### Work required
Lift out, unaltered, the lines of the material below between the line holding "Vintage Turkish Kilim" and the line holding "younghoe koo jersey falcons", counting both.

(Data to process Opens)

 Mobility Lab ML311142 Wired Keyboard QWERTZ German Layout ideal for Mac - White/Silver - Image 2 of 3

(Data to process Closes)
(Data to process Opens)

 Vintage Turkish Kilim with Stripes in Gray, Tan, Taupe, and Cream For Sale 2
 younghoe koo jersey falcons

(Data to process Closes)
(Data to process Opens)

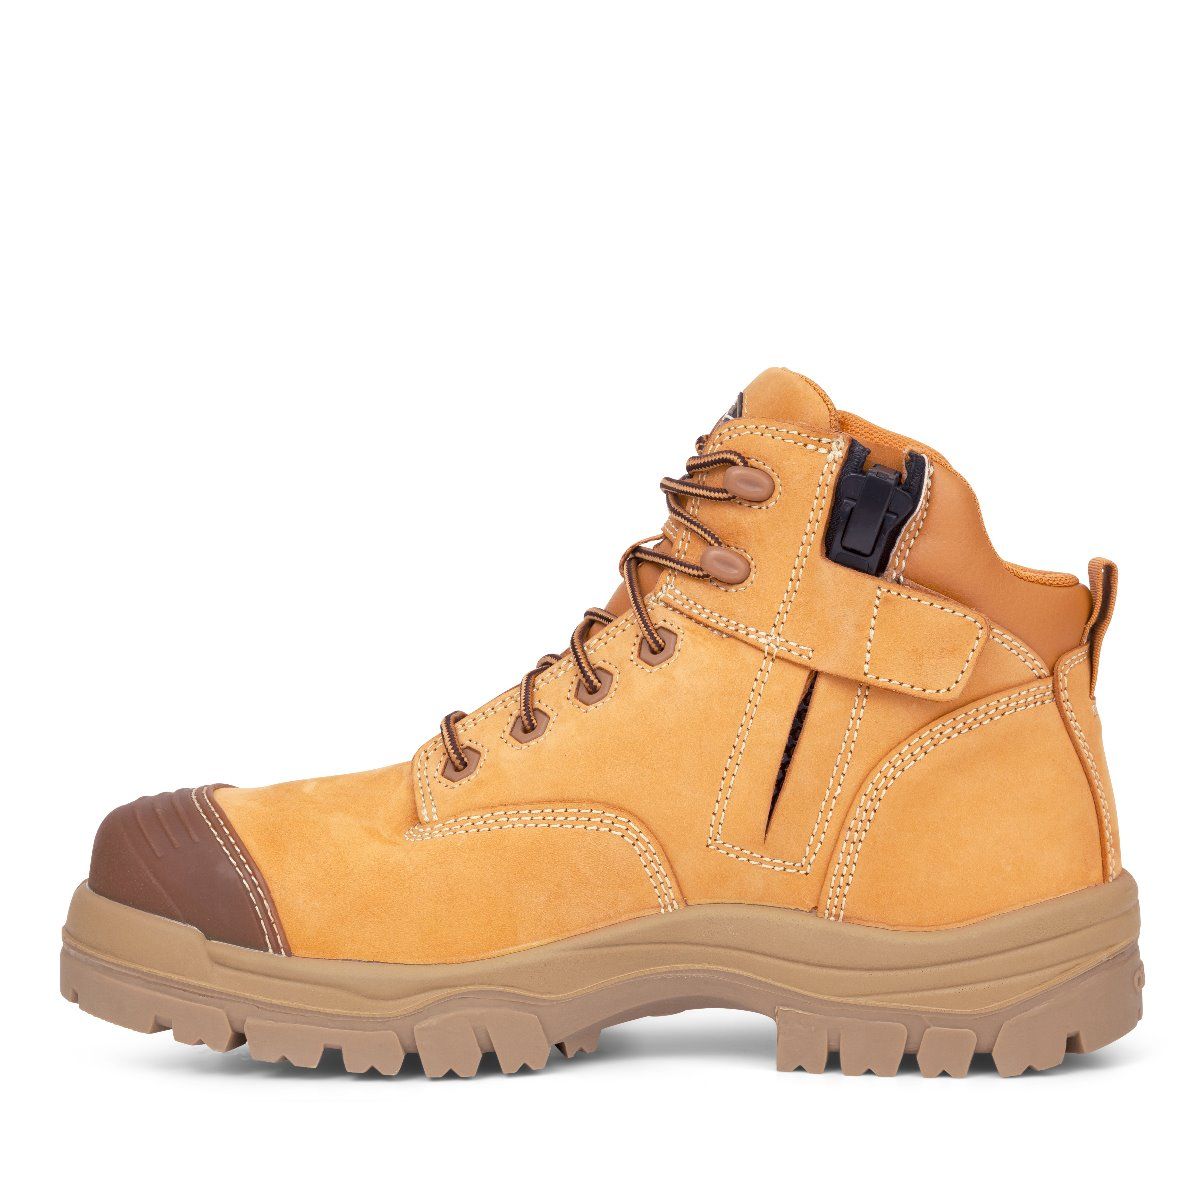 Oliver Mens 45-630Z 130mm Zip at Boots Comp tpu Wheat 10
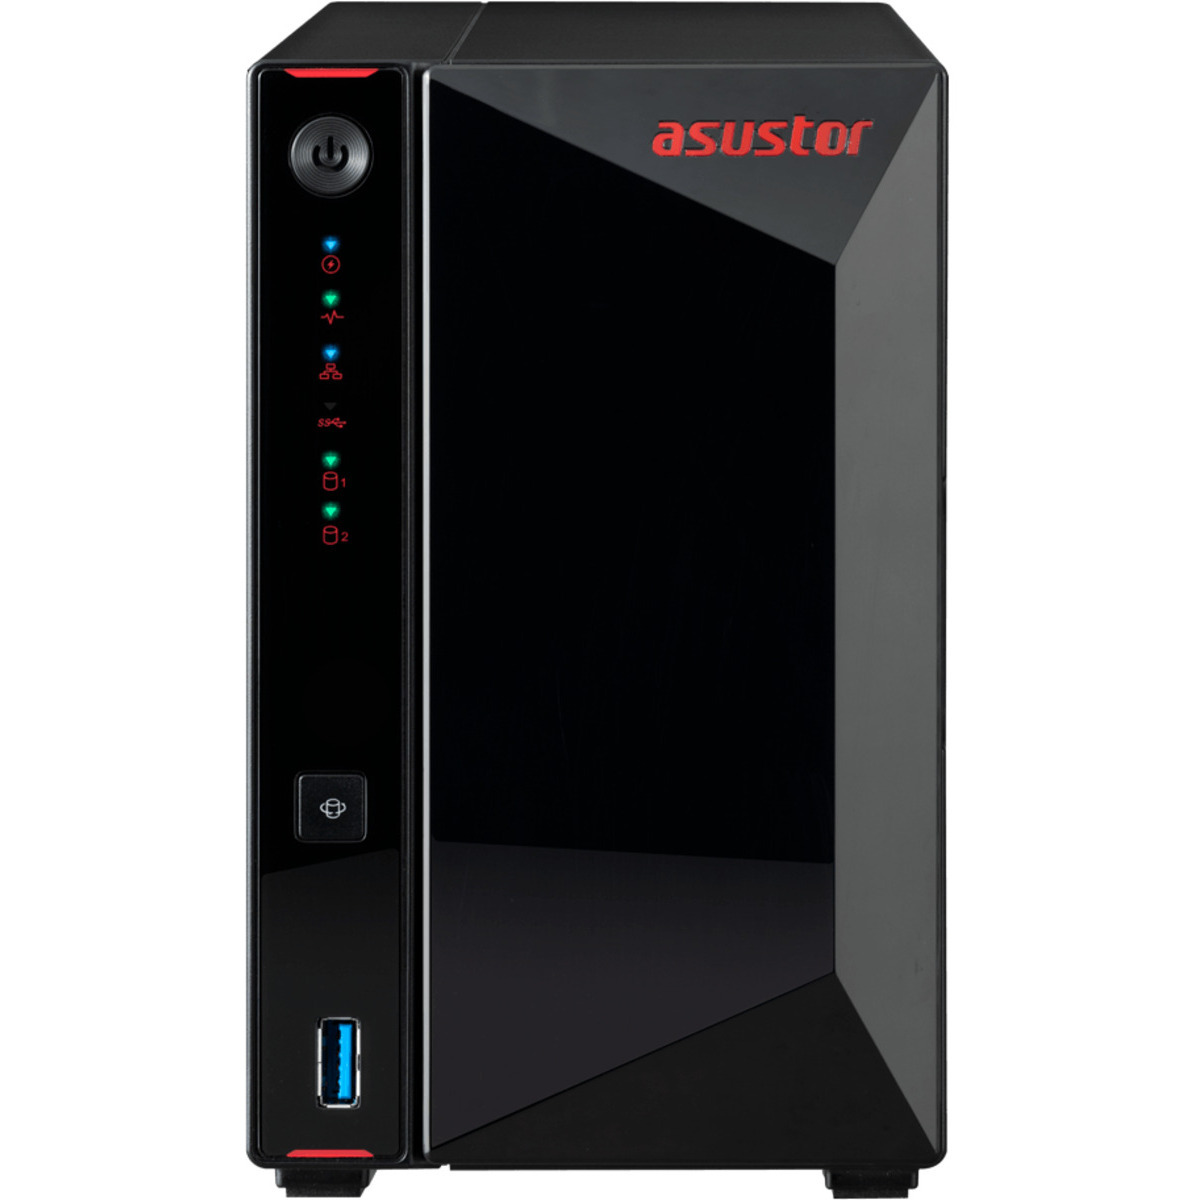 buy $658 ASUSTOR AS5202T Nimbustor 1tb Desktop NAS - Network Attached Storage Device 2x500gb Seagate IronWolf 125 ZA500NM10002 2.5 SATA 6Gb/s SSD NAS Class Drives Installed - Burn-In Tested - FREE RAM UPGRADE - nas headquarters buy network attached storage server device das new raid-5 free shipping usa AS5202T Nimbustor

(Data to process Closes)

### Output of the task
 Vintage Turkish Kilim with Stripes in Gray, Tan, Taupe, and Cream For Sale 2
 younghoe koo jersey falcons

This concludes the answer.